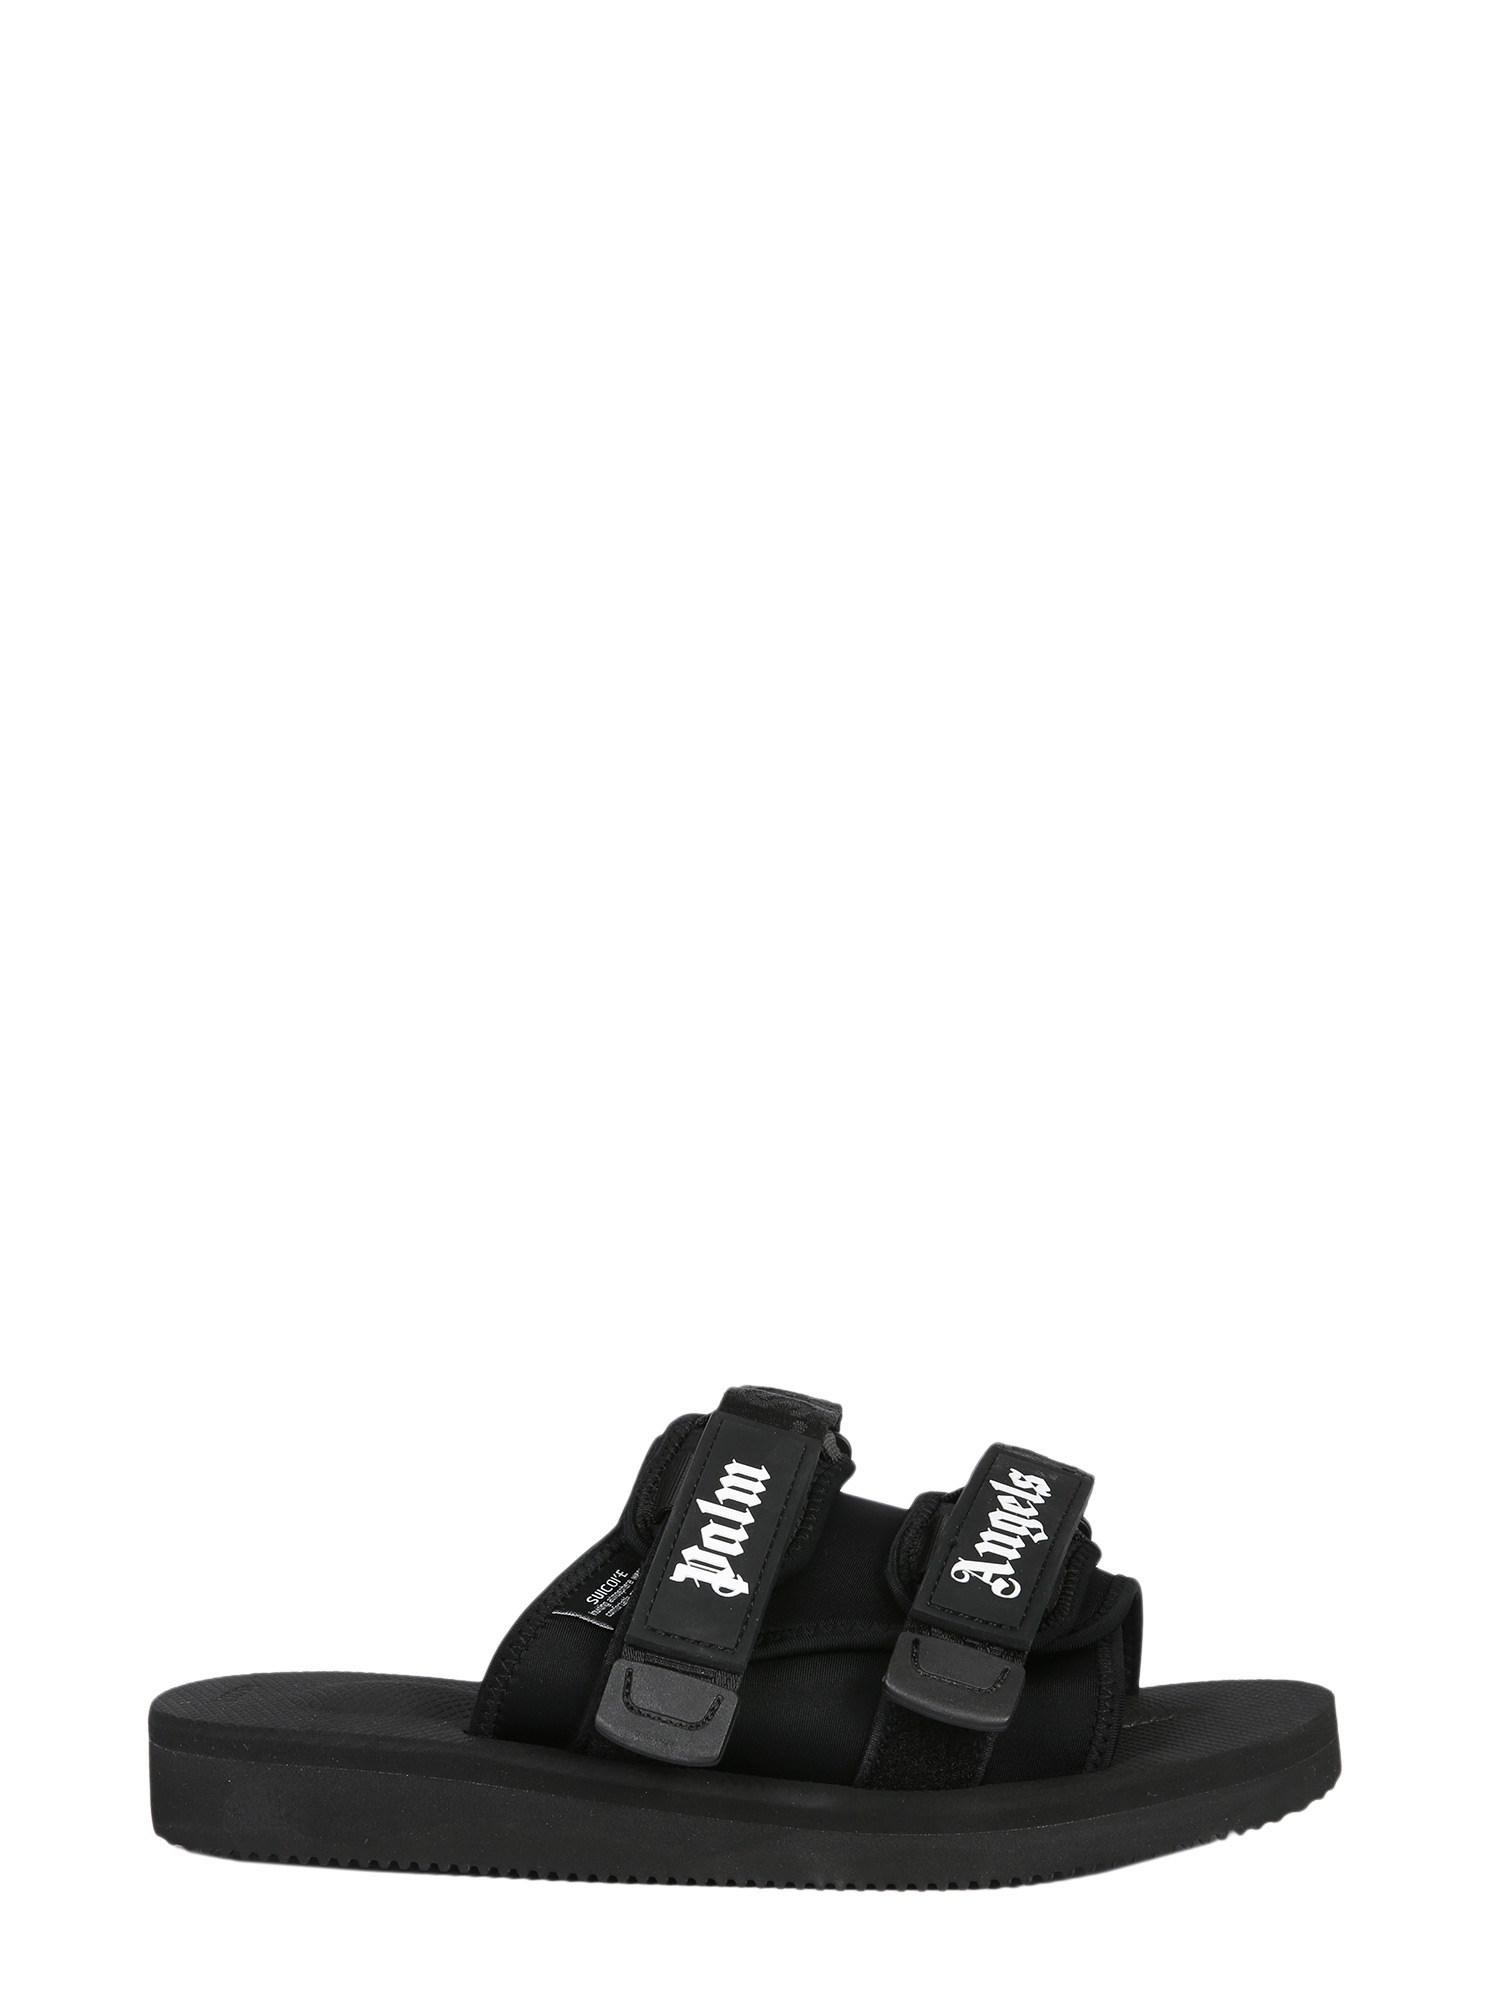 33d310885460 Palm Angels - Black Suicoke Sandals In Neoprene for Men - Lyst. View  fullscreen
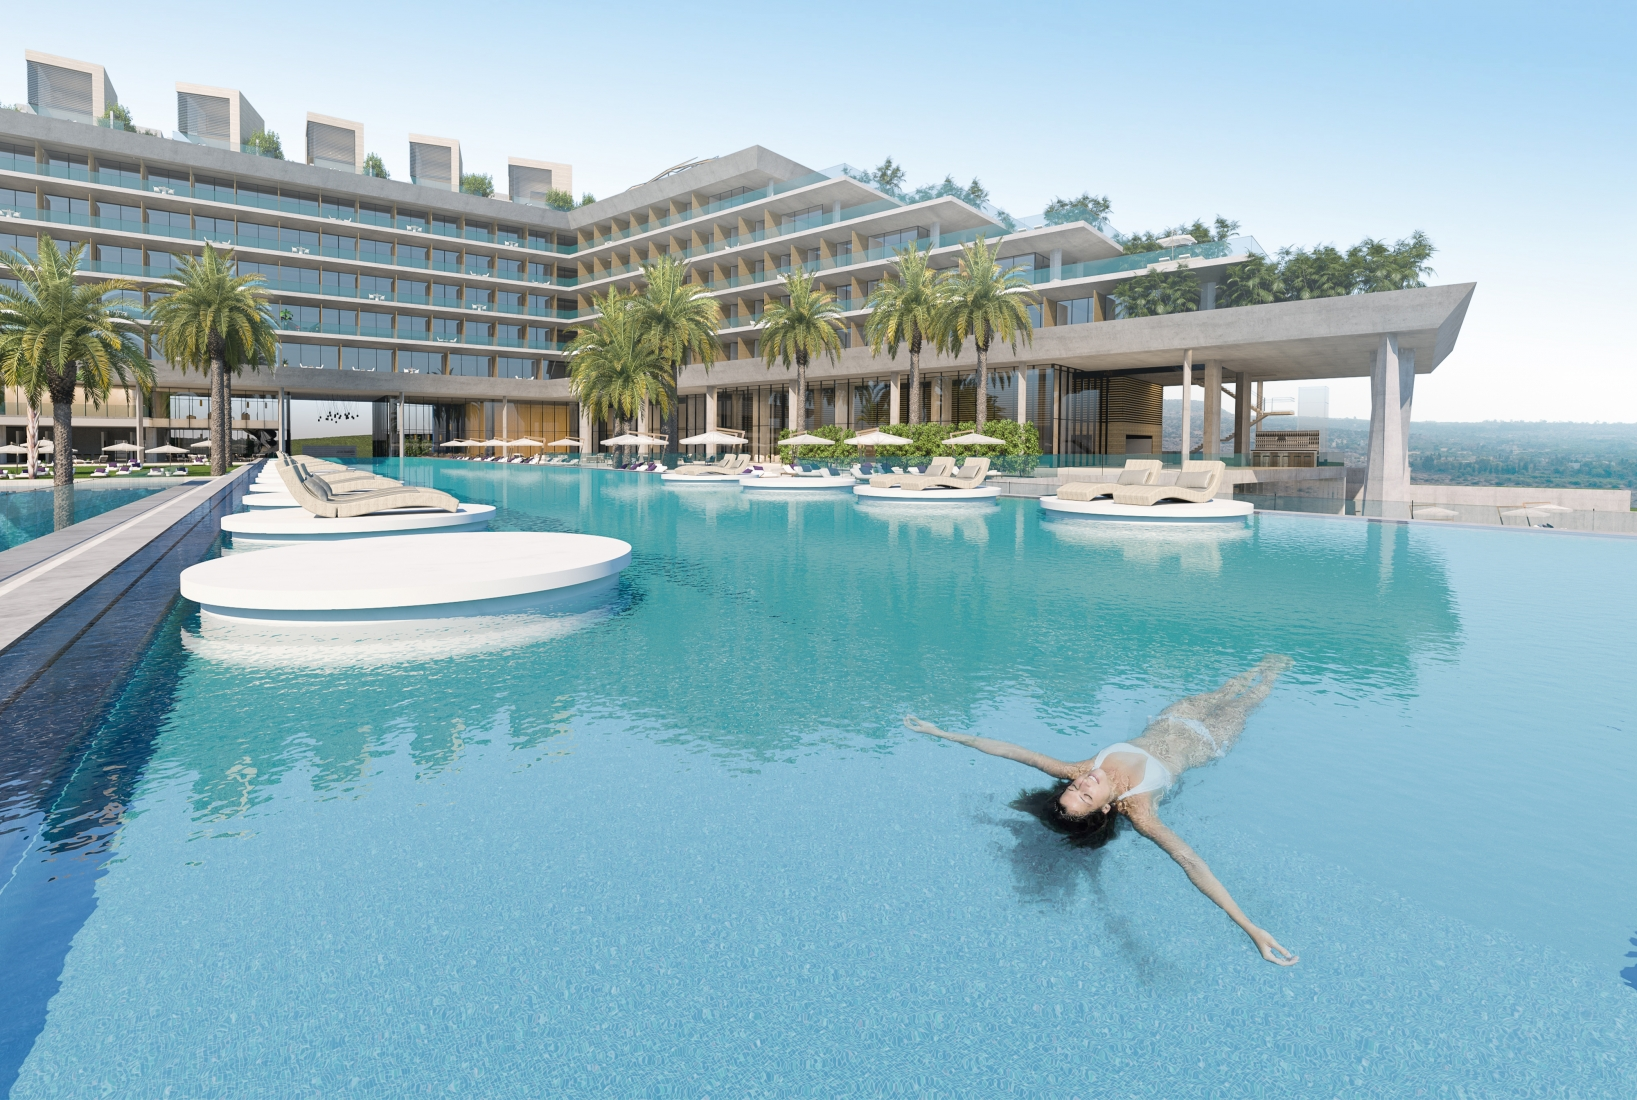 Eraclis Papachristou Architectural Office Formatio Hotel-Atlantica Ammos Bay
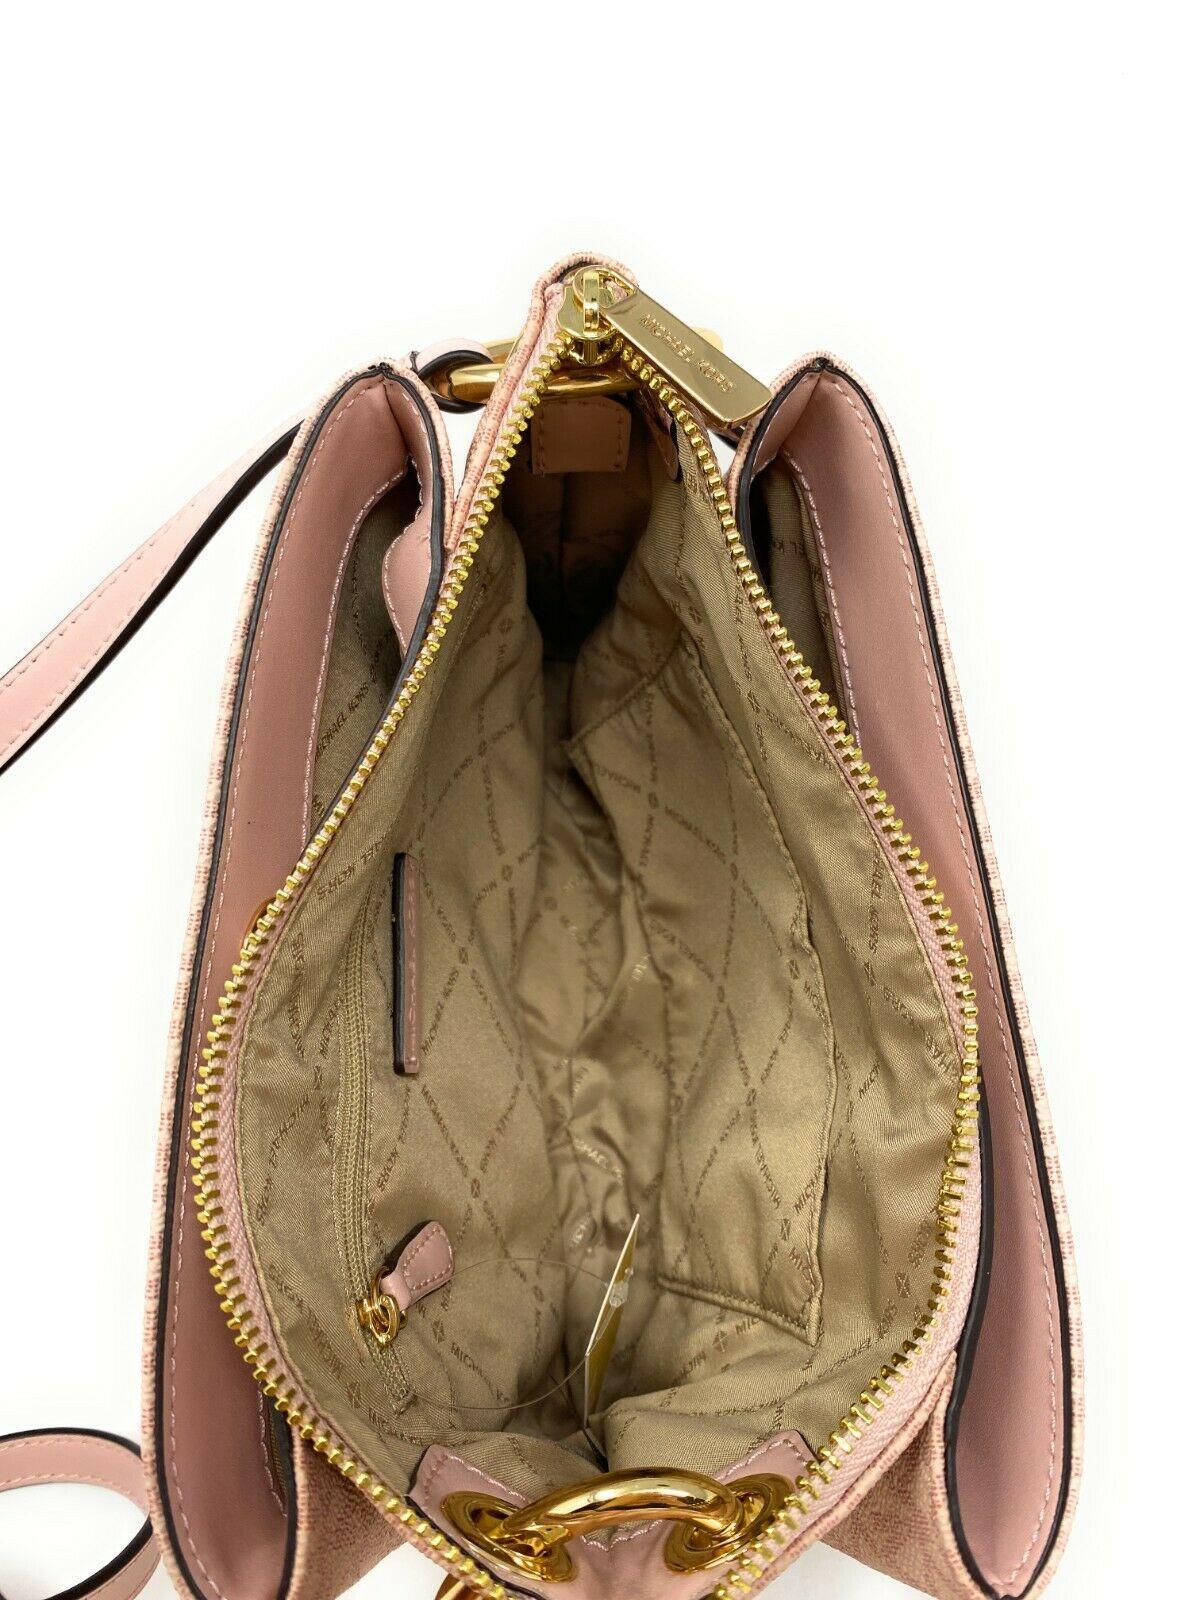 thumbnail 25 - Michael Kors Nicole Large Triple Compartment Crossbody Bag MK Purse

## EXERCISE
Repeat the listing word for word. Leave images out.

## RESULT
 33d310885460 Palm Angels - Black Suicoke Sandals In Neoprene for Men - Lyst. View  fullscreen
 Eraclis Papachristou Architectural Office Formatio Hotel-Atlantica Ammos Bay
 thumbnail 25 - Michael Kors Nicole Large Triple Compartment Crossbody Bag MK Purse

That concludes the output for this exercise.